Pedagogisch beleidsplan Stichting Peutercrèche Lodewijkje
19
5. Het pedagogisch werkplan 5.1. Algemene informatie De speelzaal ligt centraal in Montfoort. Vroeger was het gebouw een lagere school. In het gebouw bevinden zich ook een kinderdagverblijf, de toneelvereniging en het kunstenaarscollectief. Lodewijkje beslaat met drie lokalen een groot gedeelte van het gebouw en is afgesloten van de andere gebruikers. Via de buitenspeelplaats kom je bij de voordeur. Om deze speelplaats staat een hek dat afsluitbaar is voor peuters. Tijdens het buitenspelen wordt door de leidsters in de gaten gehouden dat het hek inderdaad gesloten is. Er is een afsluitbare zandbak en een speeltoestel met glijbaan op rubberen tegels. Tegen het gebouw staat een bosje waar de kinderen omheen kunnen fietsen en lopen. Er is een wipmotor en een 4persoons wipkikker. Blijft over een grote betegelde vrije ruimte en schilderingen op de muur. Tegenover de voordeur is de schuur waarin onder andere buitenspelmateriaal ligt. Bij binnenkomst is een gang die doorloopt tot het einde van de speelzaal. Alle ruimtes komen uit op deze gang. Samen met dakkoepels geven de ramen van drie lokalen voldoende daglicht. In de gang zijn kinderkapstokken. Hieronder staat het rijdend materiaal (trekkers, wandelwagens). Aan het begin van de gang bevindt zich een informatiebord waar ouders worden geïnformeerd over de peuterspeelzaal. Aan de linkerzijde hiervan is het washok. Daarnaast is de eerste verschoningsruimte met twee wc’s die van de gang afgescheiden wordt door een halve deur. Halverwege de gang bevindt zich het magazijn en daarnaast het keuken/kantoor/schoonmaakhok. Vervolgens is er een wc voor volwassenen, waarna de gang overgaat in een halletje met tweede verschoningsruimte en vier kinder-wc’s. Alle ruimtes waar kinderen niet mogen komen, zijn afsluitbaar. Tijdens de openingstijden zijn de lokalen, wc’s en de gang toegankelijk. De drie lokalen zijn vrijwel even groot en zijn ingericht met dezelfde materialen. In ieder lokaal heerst door een andere opstelling van het materiaal een eigen sfeer, bij alle drie zeer kindvriendelijk, veilig en warm. Er is een grote deelbare tafel met stoeltjes, open en dichte kasten met puzzels, spelletjes en andere materialen, een speeltoestel, een poppenhoek, een bouw- en autohoek met speelkleed en een keukenblokje. Ook is er in iedere lokaal een hoge werkplek waar de juffen op een ergonomisch verantwoorde hoogte met een aantal kinderen werkjes kunnen uitvoeren. Voor de hele inrichting geldt dat deze veilig en uitnodigend is.

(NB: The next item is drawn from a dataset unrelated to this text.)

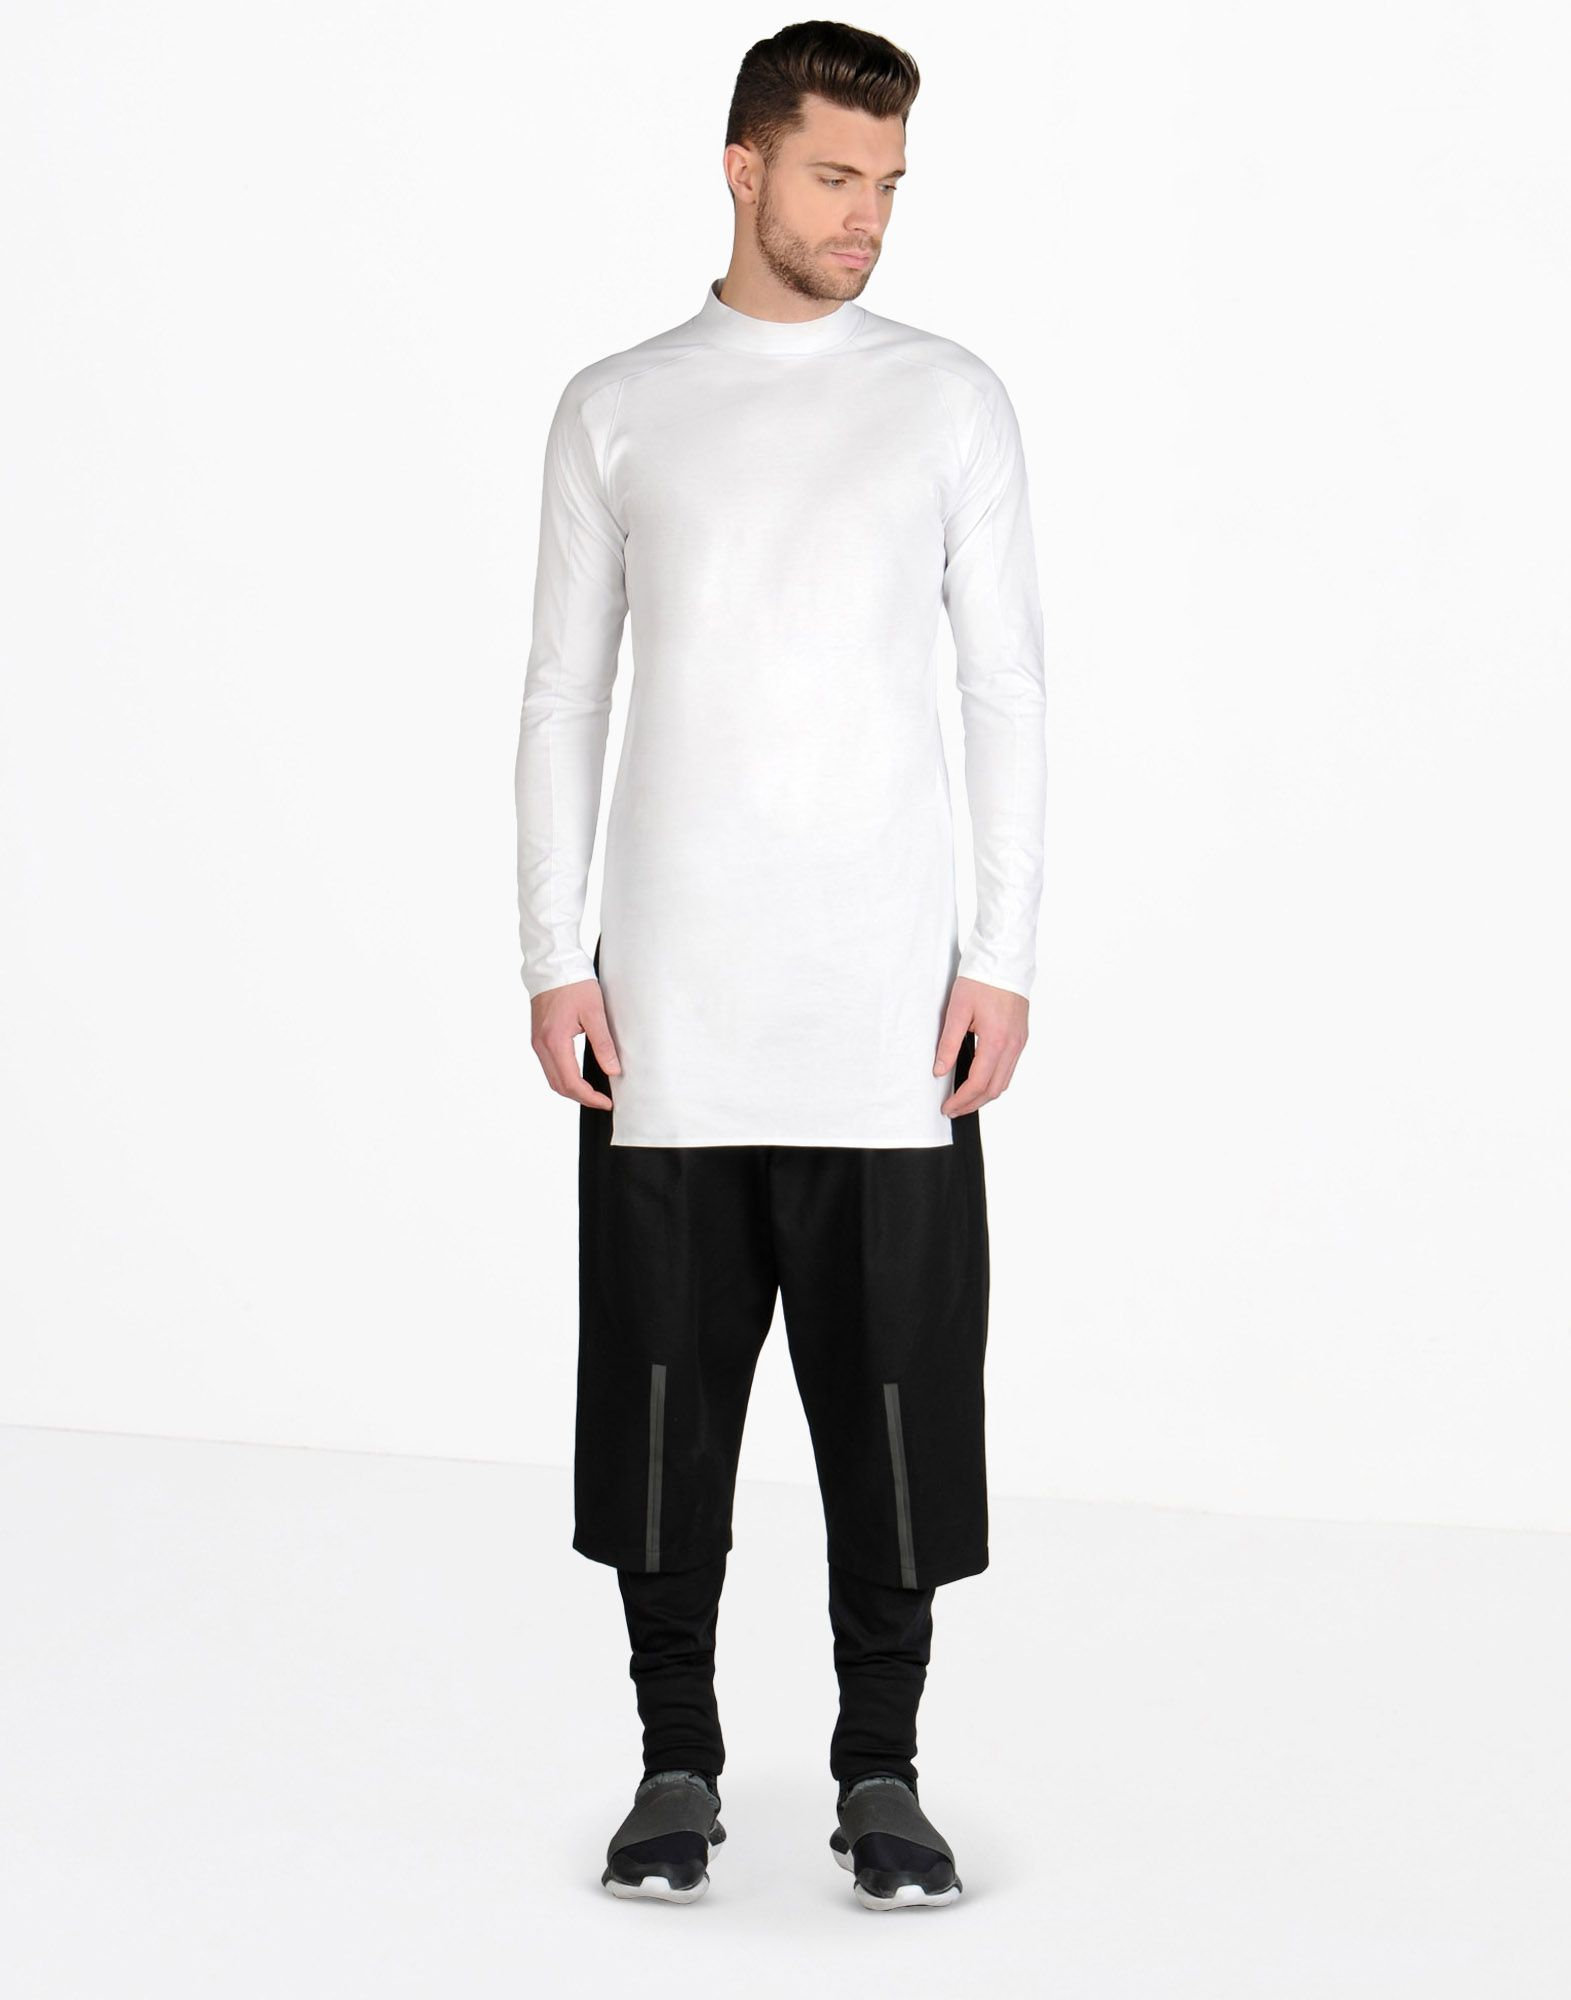 Y 3 Collar Longsleeve Tee Long Sleeve T Shirts Adidas

5.2. Het wennen 5.2.1. De eerste kennismaking Bij het eerste telefonisch contact tussen leidster en ouder(s) kan een afspraak gemaakt worden voor een huisbezoek of een eerste kennismakingsbezoek op de peuterspeelzaal. Echter, het huisbezoek is om praktische redenen niet voor iedere leidster of ouder te realiseren. Tijdens de eerste kennismaking zal informatie worden gegeven aan de ouder over het reilen en zeilen van de peuterspeelzaal: tijden, hapjes, verschoningen, dagindeling, spel en materiaal, assistent-leidsters en rustmomenten. Op een speelse manier zal de leidster ook proberen contact te maken met de peuter en zichzelf voorstellen aan het kind. Ouders krijgen voldoende
Pedagogisch beleidsplan Stichting Peutercrèche Lodewijkje
20
ruimte om over hun kind te vertellen zodat de leidster het kind al een klein beetje leert kennen. Tot slot zal er een afspraak gemaakt worden voor het eerste bezoek aan de peuterspeelzaal en de wenprocedure. 5.2.2. De eerste peuterspeelzaalbezoeken Na het eerste contact volgt binnen enkele dagen het eerste speelzaalbezoek. De leidster heeft tijdens dit contact afgesproken hoe laat vader/moeder en kind zullen komen. Dit kan om 8.45 uur zijn zodat de peuter in alle rust een eerste indruk kan krijgen en op zijn gemak even met vader en/of moeder rond kan kijken. Op deze manier ziet het alle peuters één voor één binnenkomen en is het niet zo overweldigend. Een andere keuze van de leidster kan zijn dat de peuter samen met de ouder om 9.15 uur komt. Alle andere ouders zijn dan weg en de leidster heeft op die manier de tijd om even met de ouder te praten en samen de speelzaal te bekijken. Na ongeveer een half uurtje neemt de ouder afscheid en neemt de leidster, indien nodig, de peuter over van de ouder en gaat samen met het kind spelen. Als het kind erg verdrietig is bij het afscheid nemen, kan worden afgesproken dat de leidster later op de ochtend contact opneemt met de ouders om te vertellen hoe het gaat. Afhankelijk van het verloop van de eerste ochtend worden afspraken gemaakt over de vervolgbezoeken. Bijvoorbeeld dat de ouder een uurtje weggaat en dat dit langzaam uitgebouwd wordt.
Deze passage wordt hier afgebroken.